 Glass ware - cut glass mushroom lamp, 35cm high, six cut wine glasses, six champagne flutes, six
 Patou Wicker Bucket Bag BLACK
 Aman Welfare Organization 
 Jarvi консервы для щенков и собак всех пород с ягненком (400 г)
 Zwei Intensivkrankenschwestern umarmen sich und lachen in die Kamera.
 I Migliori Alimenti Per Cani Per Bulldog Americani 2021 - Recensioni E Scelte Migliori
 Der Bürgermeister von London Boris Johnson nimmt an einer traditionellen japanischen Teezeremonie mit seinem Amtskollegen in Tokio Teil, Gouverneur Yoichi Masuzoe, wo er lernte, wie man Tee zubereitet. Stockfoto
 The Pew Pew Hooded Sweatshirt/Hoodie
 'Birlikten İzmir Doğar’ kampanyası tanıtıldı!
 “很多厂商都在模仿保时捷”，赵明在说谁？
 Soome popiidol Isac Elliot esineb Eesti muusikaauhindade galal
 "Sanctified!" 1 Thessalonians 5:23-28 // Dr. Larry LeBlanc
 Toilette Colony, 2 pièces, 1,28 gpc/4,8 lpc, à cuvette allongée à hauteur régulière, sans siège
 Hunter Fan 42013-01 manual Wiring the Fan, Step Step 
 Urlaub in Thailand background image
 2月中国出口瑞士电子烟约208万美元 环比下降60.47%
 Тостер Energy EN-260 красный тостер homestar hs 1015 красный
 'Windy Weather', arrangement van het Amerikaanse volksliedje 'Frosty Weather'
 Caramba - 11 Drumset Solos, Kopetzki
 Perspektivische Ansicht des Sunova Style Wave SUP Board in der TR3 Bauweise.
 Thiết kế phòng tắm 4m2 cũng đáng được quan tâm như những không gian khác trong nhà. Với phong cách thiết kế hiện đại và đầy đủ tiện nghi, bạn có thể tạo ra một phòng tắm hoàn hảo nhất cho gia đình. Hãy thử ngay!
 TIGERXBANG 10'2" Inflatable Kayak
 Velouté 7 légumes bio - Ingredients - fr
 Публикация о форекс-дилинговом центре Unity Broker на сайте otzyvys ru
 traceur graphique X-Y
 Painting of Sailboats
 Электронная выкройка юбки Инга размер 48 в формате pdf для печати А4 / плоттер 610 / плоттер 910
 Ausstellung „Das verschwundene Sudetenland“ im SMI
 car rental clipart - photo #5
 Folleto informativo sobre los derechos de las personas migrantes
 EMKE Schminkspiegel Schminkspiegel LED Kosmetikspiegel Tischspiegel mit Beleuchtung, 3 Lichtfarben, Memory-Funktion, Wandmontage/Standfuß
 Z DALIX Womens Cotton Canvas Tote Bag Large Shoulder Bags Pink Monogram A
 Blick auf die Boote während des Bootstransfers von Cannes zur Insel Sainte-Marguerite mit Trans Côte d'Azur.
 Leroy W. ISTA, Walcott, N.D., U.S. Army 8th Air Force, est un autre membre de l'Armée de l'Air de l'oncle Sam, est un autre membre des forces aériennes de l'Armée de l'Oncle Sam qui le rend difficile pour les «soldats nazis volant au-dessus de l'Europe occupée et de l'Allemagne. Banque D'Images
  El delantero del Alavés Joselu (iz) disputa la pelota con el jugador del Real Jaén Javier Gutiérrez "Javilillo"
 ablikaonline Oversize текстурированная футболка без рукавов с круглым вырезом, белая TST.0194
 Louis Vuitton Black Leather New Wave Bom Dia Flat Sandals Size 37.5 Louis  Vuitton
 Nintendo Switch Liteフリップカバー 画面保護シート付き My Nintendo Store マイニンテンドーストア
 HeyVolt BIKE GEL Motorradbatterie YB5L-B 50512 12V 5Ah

* Problem details
All lines in the listing above between the line with "Dr. Larry LeBlanc" and the line with "volksliedje 'Frosty Weather'", inclusive, should be set down exactly, and no line outside that range.

* Response below
 "Sanctified!" 1 Thessalonians 5:23-28 // Dr. Larry LeBlanc
 Toilette Colony, 2 pièces, 1,28 gpc/4,8 lpc, à cuvette allongée à hauteur régulière, sans siège
 Hunter Fan 42013-01 manual Wiring the Fan, Step Step 
 Urlaub in Thailand background image
 2月中国出口瑞士电子烟约208万美元 环比下降60.47%
 Тостер Energy EN-260 красный тостер homestar hs 1015 красный
 'Windy Weather', arrangement van het Amerikaanse volksliedje 'Frosty Weather'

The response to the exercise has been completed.